В этом смысле роман “Петербург” не случайно совпал по замыслу и содержанию с “Бесами” Достоевского, хотя в 1906 г. (т.е. до появления собственной прозы) А. Белый заявлял: “Перед моим взором теперь созревает план будущих работ, которые создадут совсем новую форму литературы”. И тем не менее “Серебряный голубь” (1909 г.) оказался, выражаясь словами О. Форш, “срежиссированным” под Гоголя, а “Петербург” – под Достоевского. А. Белому, располагавшему опытом оригинальнейших лейтмотивно-построенных “Симфоний” теперь оказалось важно подчеркнуть не изыски формы, а саму атмосферу “бесовского” детектива, отправляющегося от хроники: глазами автора-наблюдателя (и одновременно действующего лица) и хроники газетной. А. Белый намеренно не скрывает этого, развертывая сюжет в контексте образов, ситуаций, хронотопов (г. Петербург) криминально-философских романов Достоевского.

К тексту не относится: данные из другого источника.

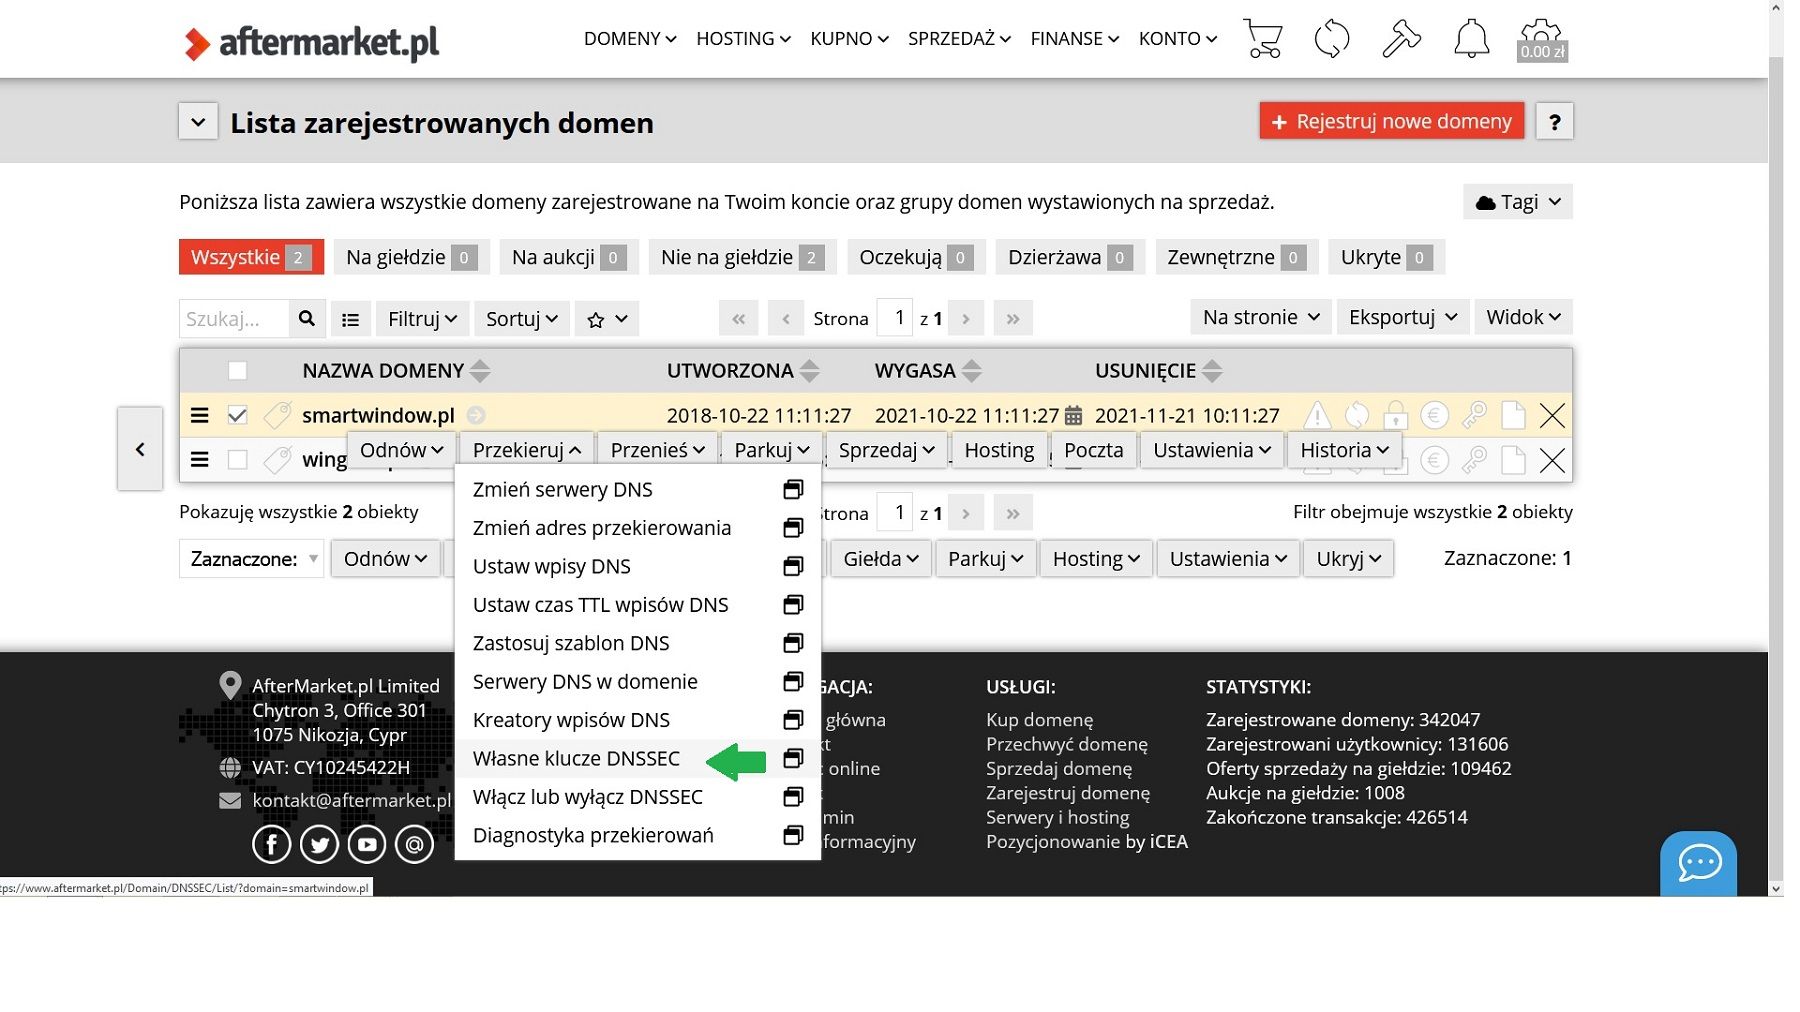 Zabezpiecz swoją domenę przez DNSSEC! W Aftermarket.pl to domyślne rozwiązanie

Символике лжепророка Достоевского, изгнанию “бесов” из тела России, ее исцелению духом “синодального православия”, торжеству в ней людей, подобных Шатову, Белый намеревался противопоставить другую “символику”: грядущий революционный взрыв, победу не “лимонадной”, а “настоящей” революции, торжество в ней не “клопов”, вроде Шатова, а людей типа Верховенского-Нечаева, людей “кремниевых”, пахнущих “огнем и серою”. С другой стороны, в отличие от Достоевского, проблема вселения “бесов” в людей решается А. Белым в “Петербурге” в параметрах уже иной реальности, иной пространственности. И если символизм в целом культивирует сугубо пространственные модели универсума, то для “поэтики А. Белого, – уточняет В. Паперный, – характерна трансформация существующей во времени традиции в структуру чисто пространственную... – в семантическую структуру художественного текста”. Одновременно при описании этого гиперпространства символология Белого, требовавшая, по мысли Е. Григорьевой, “не диалектических, а абсолютных характеристик”, тем не менее опиралась на методологию точных наук.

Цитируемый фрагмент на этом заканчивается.